1-Dosya içerisindeki bilgi ve belgelere, mahkeme kararının gerekçesinde dayanılan delillerin tartışılıp değerlendirilmesinde, özellikle oluşa uygun olarak düzenlenen uzman bilirkişi raporunda belirtilen kusur oranının hükme esas alınmasında bir usulsüzlük bulunmamasına ve manevi tazminatın takdirinde B.K.nun 47.maddesindeki özel haller dikkate alınarak hak ve nasafet kuralları çerçevesinde hüküm kurulmuş olmasına göre, davalılar vekilinin yerinde görülmeyen aşağıdaki bendin dışında kalan sair temyiz itirazlarının reddine karar vermek gerekmiştir.
2-Dava, trafik kazasından kaynaklanan manevi tazminat istemine ilişkindir.
Somut olayda talep edilen manevi tazminat yönü ile kısmen kabul kararı verilmiş, davacılar lehine manevi tazminat yönü ile hüküm fıkrasının 12 ve 13. bendinde iki kez vekalet ücretine hükmedilmiştir. Davalılar lehine AAÜT 10/1.maddesi gereğince vekalet ücreti takdir edilmelidir. Bu nedenle hüküm fıkrasının 13. bendinde takdir edilen vekalet ücretinin, “davalılara ödenmesine” şeklinde olması gerekirken davacılara ödenmesine” şeklinde hüküm kurulması doğru değil bozma nedeni ise de; bu yanılgının giderilmesi yeniden yargılamanın tekrarını gerektirir nitelikte görülmediğinden 6100 sayılı HMK’nun geçici 3/2.maddesi delaletiyle 1086 sayılı HUMK’nun 438/7.maddesi uyarınca hükmün düzeltilerek onanmasına karar vermek gerekmiştir.

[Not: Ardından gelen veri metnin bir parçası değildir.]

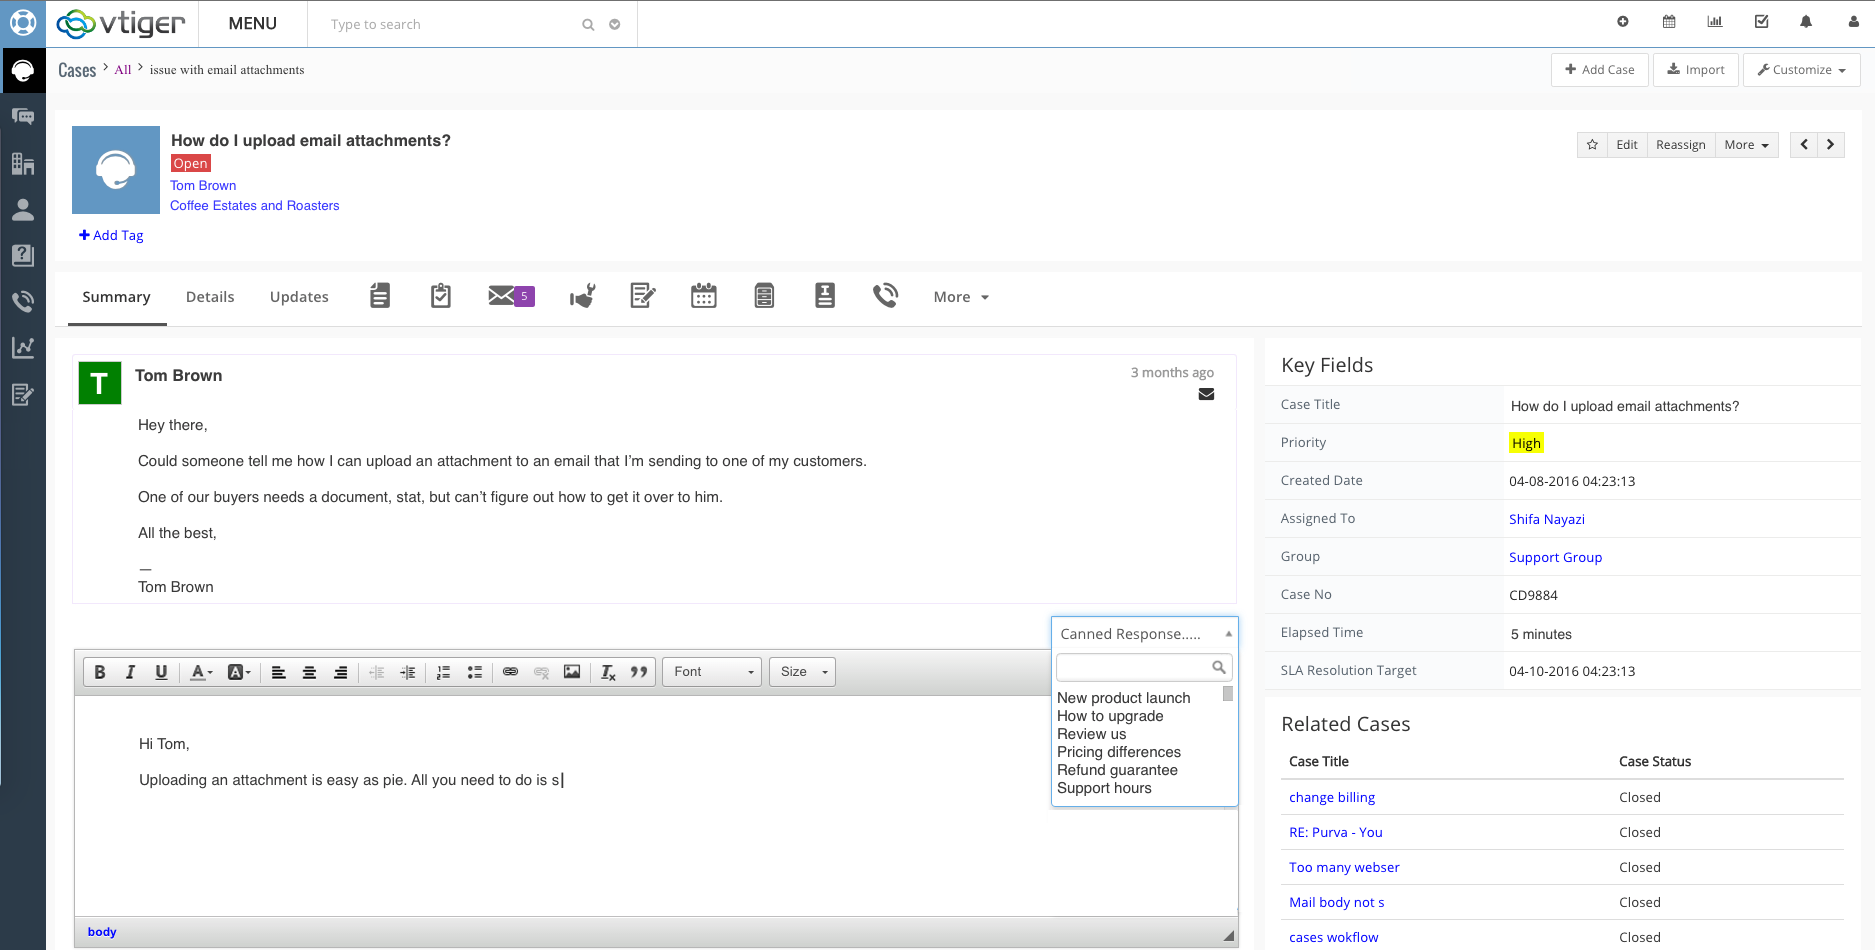 helpdesk customer relationship management
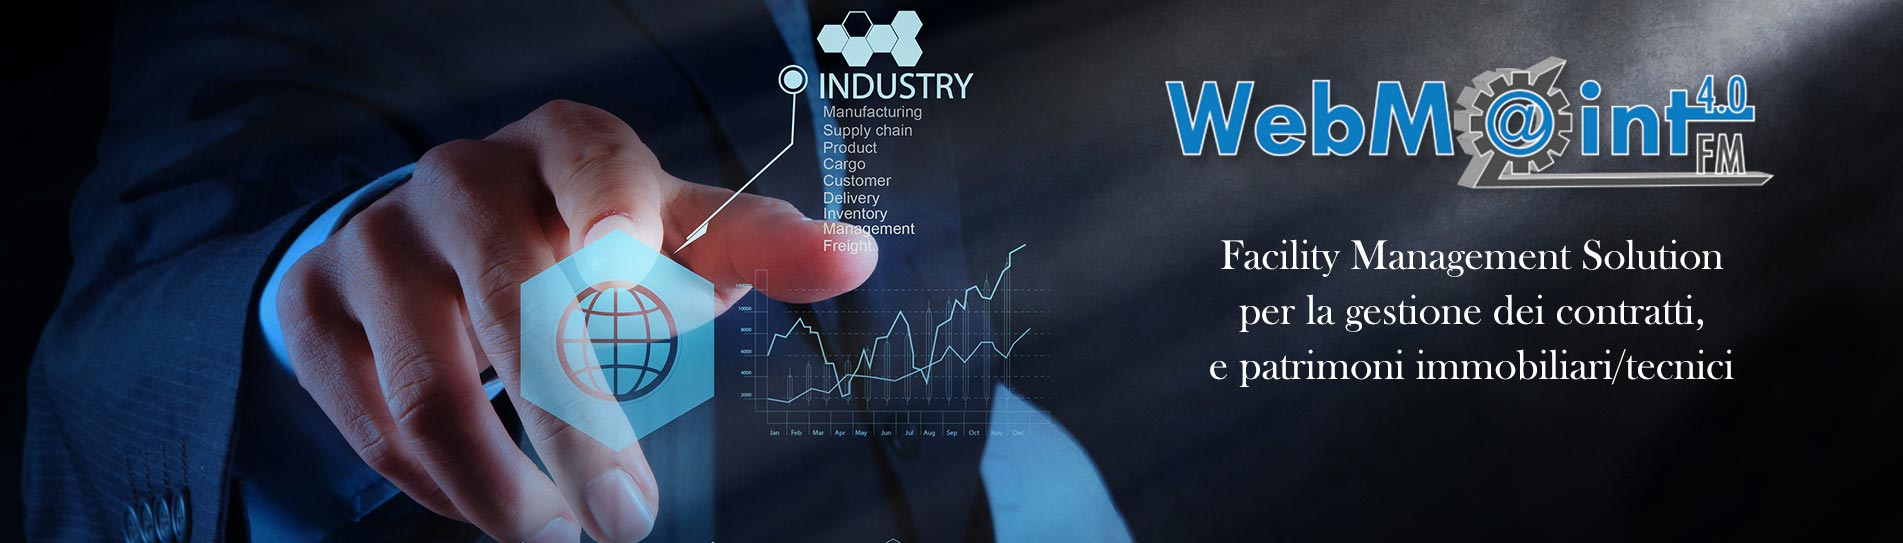 WebMaint FM 4.0

SONUÇ: Yukarıda (1) nolu bentte açıklanan nedenlerle, davalılar vekilinin sair temyiz itirazlarının reddine, (2) nolu bentte açıklanan nedenlerle, davalılar vekilinin temyiz itirazlarının kabulü ile hüküm fıkrasının 13. bendindeki “davalılardan” ibaresinin hükümden çıkarılmasına, yerine “davacılardan” ibaresinin yazılmasına, “davacılara” ibaresinin hükümden çıkarılmasına, yerine “davalılara” ibaresinin yazılmasına ve hükmün bu şekliyle DÜZELTİLEREK ONANMASINA, peşin alınan harcın istek halinde temyiz eden davalılara geri verilmesine 27.09.2018 gününde oybirliğiyle karar verildi.